__Your instructions__
Once the line containing "Rainbow Crunchy wins" is found in the entries below, restate it and each following line word for word, stopping after the line containing "Hotel Sorrento Is".

__Given entries__
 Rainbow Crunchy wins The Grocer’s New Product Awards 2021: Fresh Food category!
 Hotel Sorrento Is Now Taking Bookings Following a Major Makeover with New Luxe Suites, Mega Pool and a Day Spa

* * *

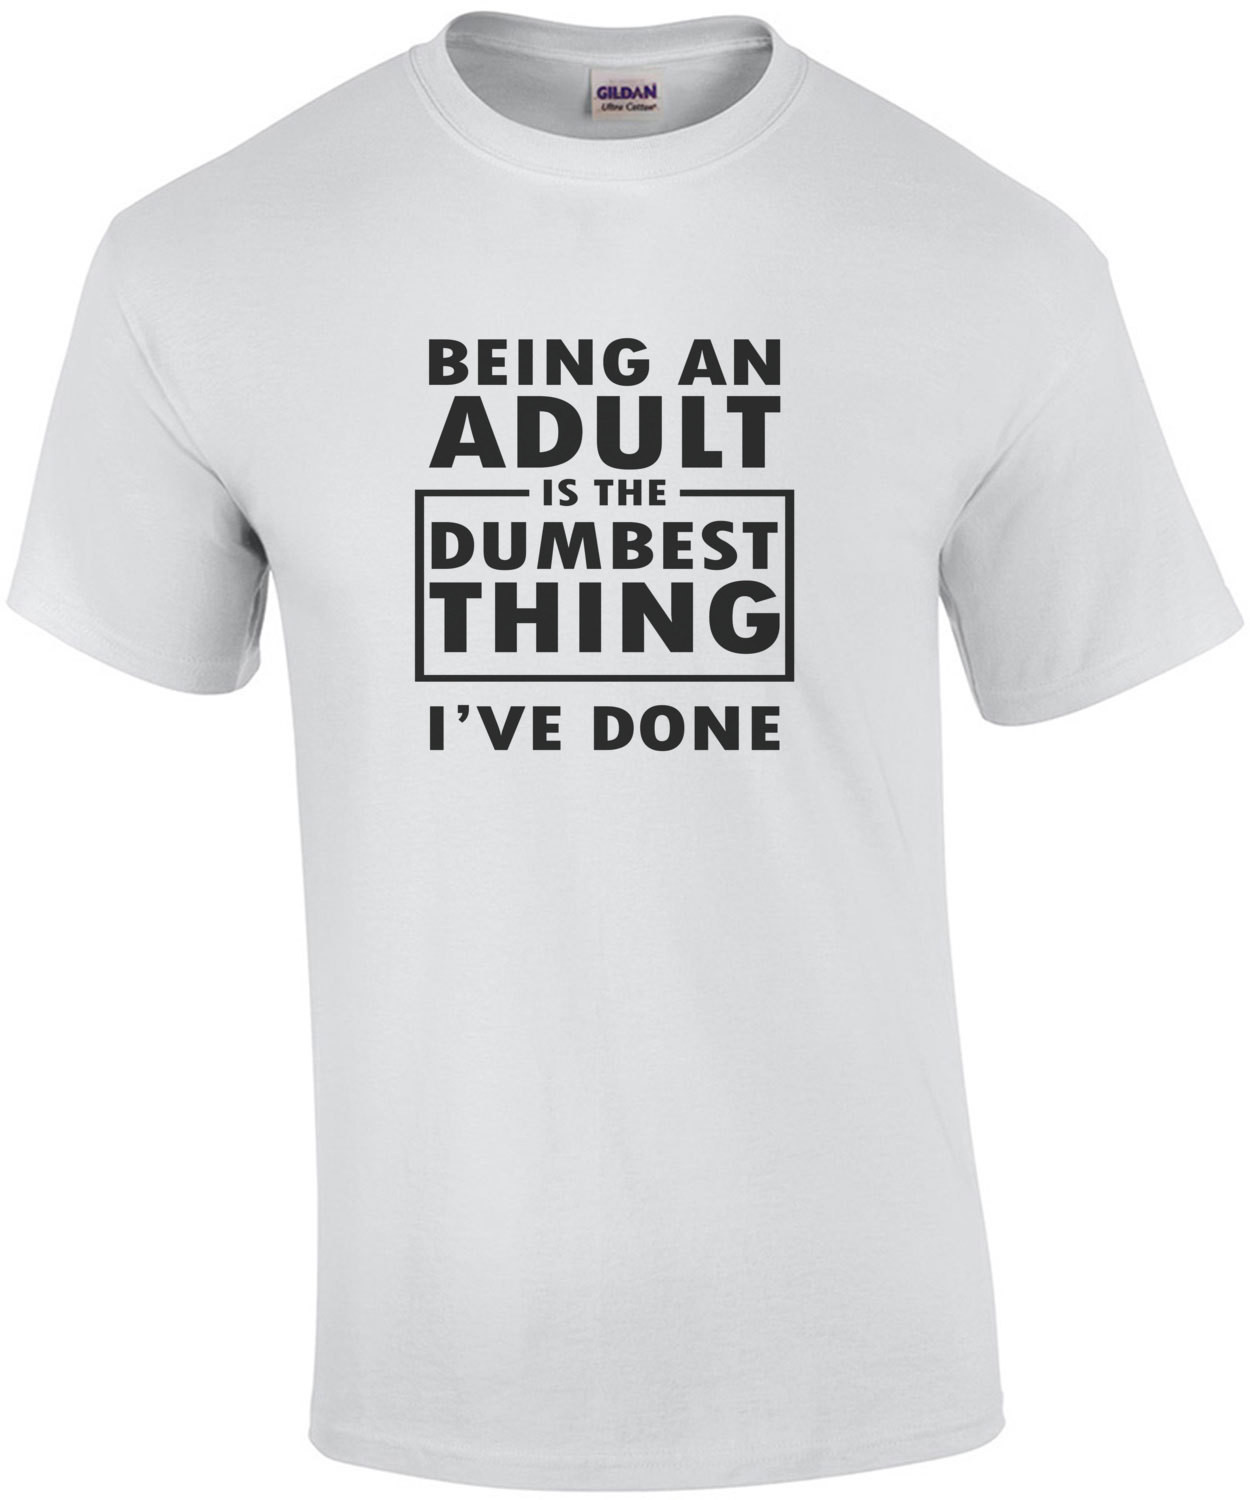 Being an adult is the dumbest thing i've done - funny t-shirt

...

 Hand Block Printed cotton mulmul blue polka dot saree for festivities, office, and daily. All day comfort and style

__The completed task__
 Rainbow Crunchy wins The Grocer’s New Product Awards 2021: Fresh Food category!
 Hotel Sorrento Is Now Taking Bookings Following a Major Makeover with New Luxe Suites, Mega Pool and a Day Spa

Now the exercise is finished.